The Longer-Term Cyclical Damage from Brexit

We are students of the business cycle because it is part-and-parcel of market-oriented economies, and a cyclical vantage point provides the best opportunity to predict turning points in economic growth. Such analysis, based on ECRI’s U.K. leading indexes, is becoming increasingly important for the post-Brexit U.K. because it is likely to see more frequent journeys into recession in the coming years, as longer-term trend growth suffers.
U.K. trend GDP growth has already nearly flatlined and, per our “yo-yo years” thesis, very low trend growth increases the odds that every cyclical slowdown will open up a recessionary window of vulnerability, amplifying recession risk.
A year and a half ago, our research showed that the drivers of the business cycle were strong ahead of the vote for Brexit. Therefore, unlike most observers, we were correct in not predicting a recession at the time. However, the Brexit vote did exacerbate the decline in longer-term U.K. potential GDP growth.

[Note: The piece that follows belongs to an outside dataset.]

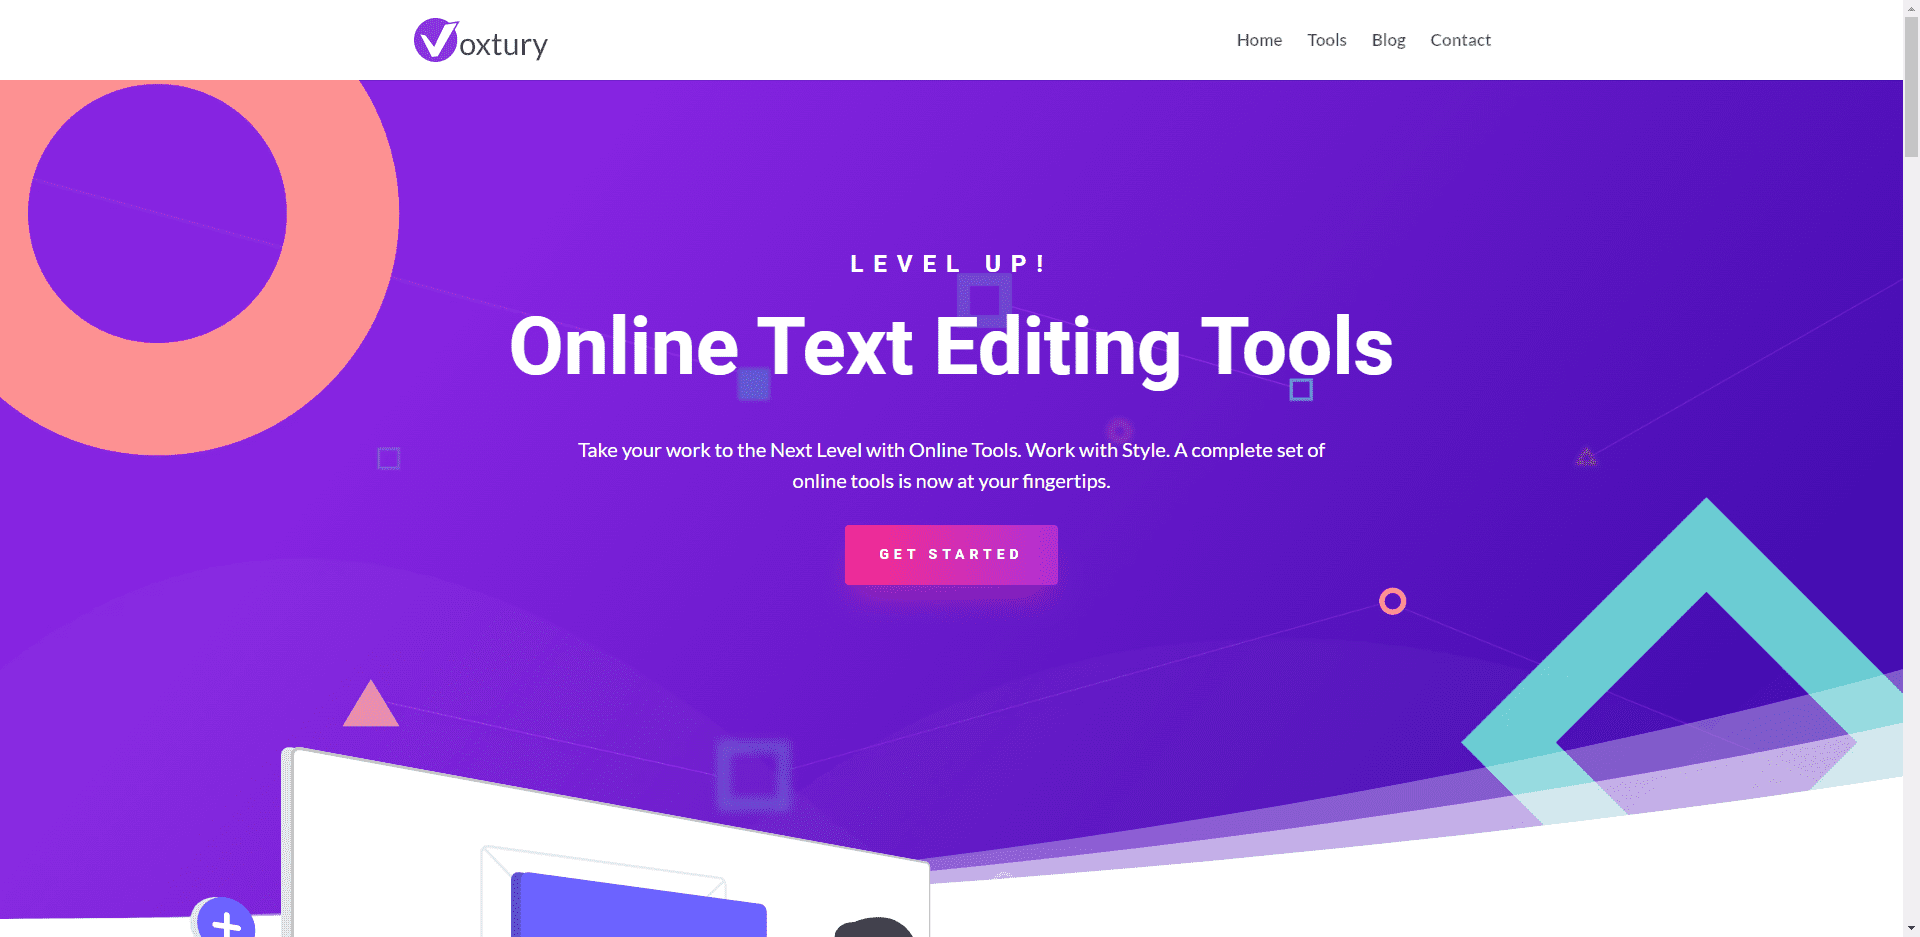 Voxtury home page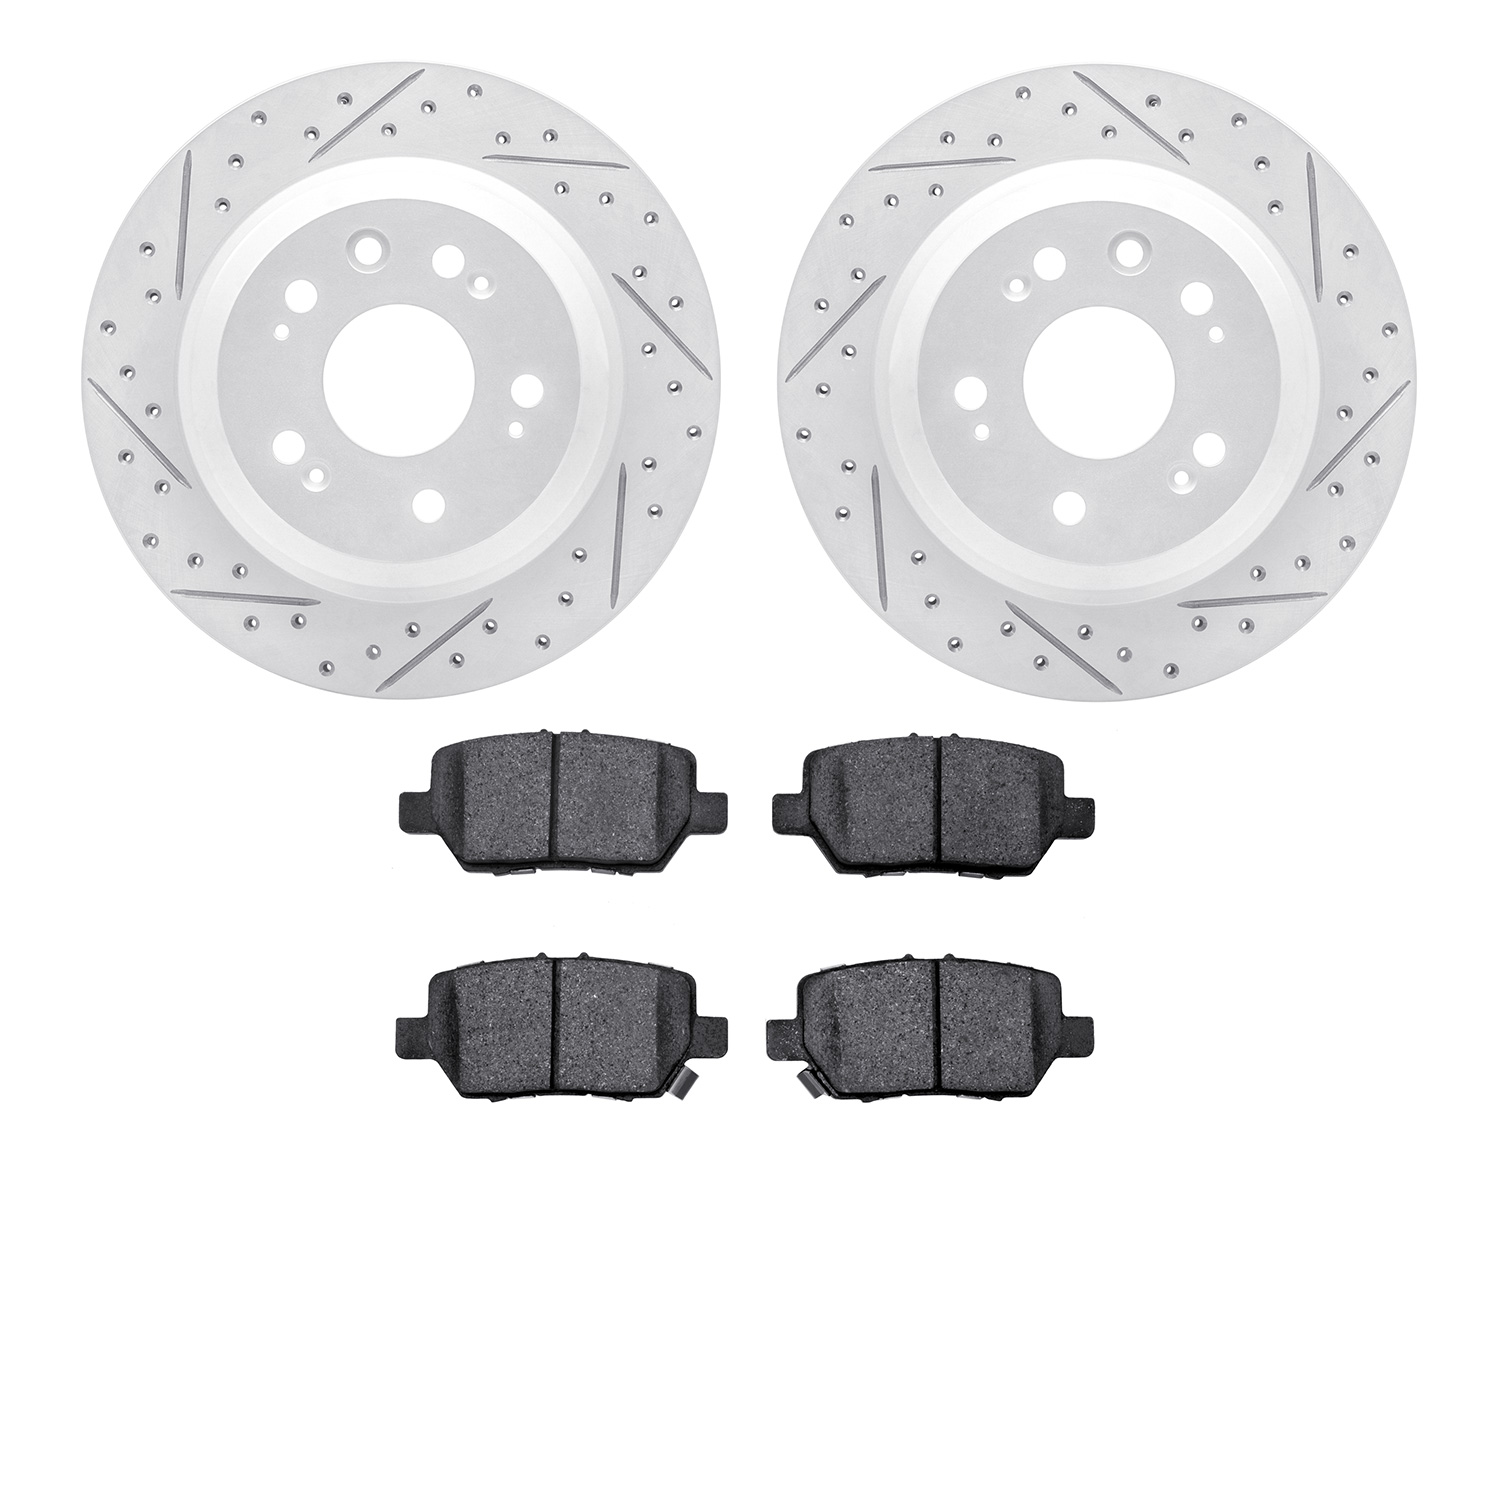 2502-58017 Geoperformance Drilled/Slotted Rotors w/5000 Advanced Brake Pads Kit, 2005-2012 Acura/Honda, Position: Rear

Notably, over the last five years, GDP growth (chart, black line) has been driven almost exclusively by growth in hours worked (light blue bars), while the contribution from labor productivity growth has been much less, or even negative (light green bars).

From 1971 to 2007, labor productivity growth was much higher, averaging 2.3% per year. But there was a huge drop after 2012, when labor productivity growth averaged a meager 0.1% per year. Labor productivity growth then fell a bit more, and has been virtually non-existent since 2016.

Moreover, in a post-Brexit U.K., the impact from reduced migration is likely to lower labor productivity growth even further. In fact, migration has already been affected in the year since the Brexit vote, with net migration shrinking by 106,000 – the largest decline on record. This does not bode well – according to some estimates a one-percentage-point decline in the migrant share of the working age population could lead to a 0.4%-0.5% decrease in productivity.

Beyond this recent migration change, the mystery of extremely low productivity growth and, as a consequence, its effect in shrinking GDP growth has plagued mainstream economists for years. However, a piece of the puzzle can be found when we step back and take a long-term view of the employment trends in the U.K.

Specifically, the massive shift in employment from the goods-producing sector to the services-providing sector, particularly since 2011, is one of the factors sapping productivity growth. Between the late 1970s and the eve of the Global Financial Crisis (GFC), services employment increased by 51%, while manufacturing employment fell by 56%.

Since the eve of the GFC, services employment has risen by a bit more, while manufacturing employment has slumped slightly further. Meanwhile construction employment has been essentially flat, after rising somewhat in earlier decades. The upshot is that five out of six U.K. jobs are now in the service sector, where productivity is difficult to increase, with the remaining jobs almost evenly split between manufacturing and construction.

Currently, the Office for Budget Responsibility projects average hours worked to stay “broadly flat” and there is no certainty as to when, or even if, productivity growth will sustainably revert back to its long-term average. With such low trend growth, the U.K. risks “becoming Japan.”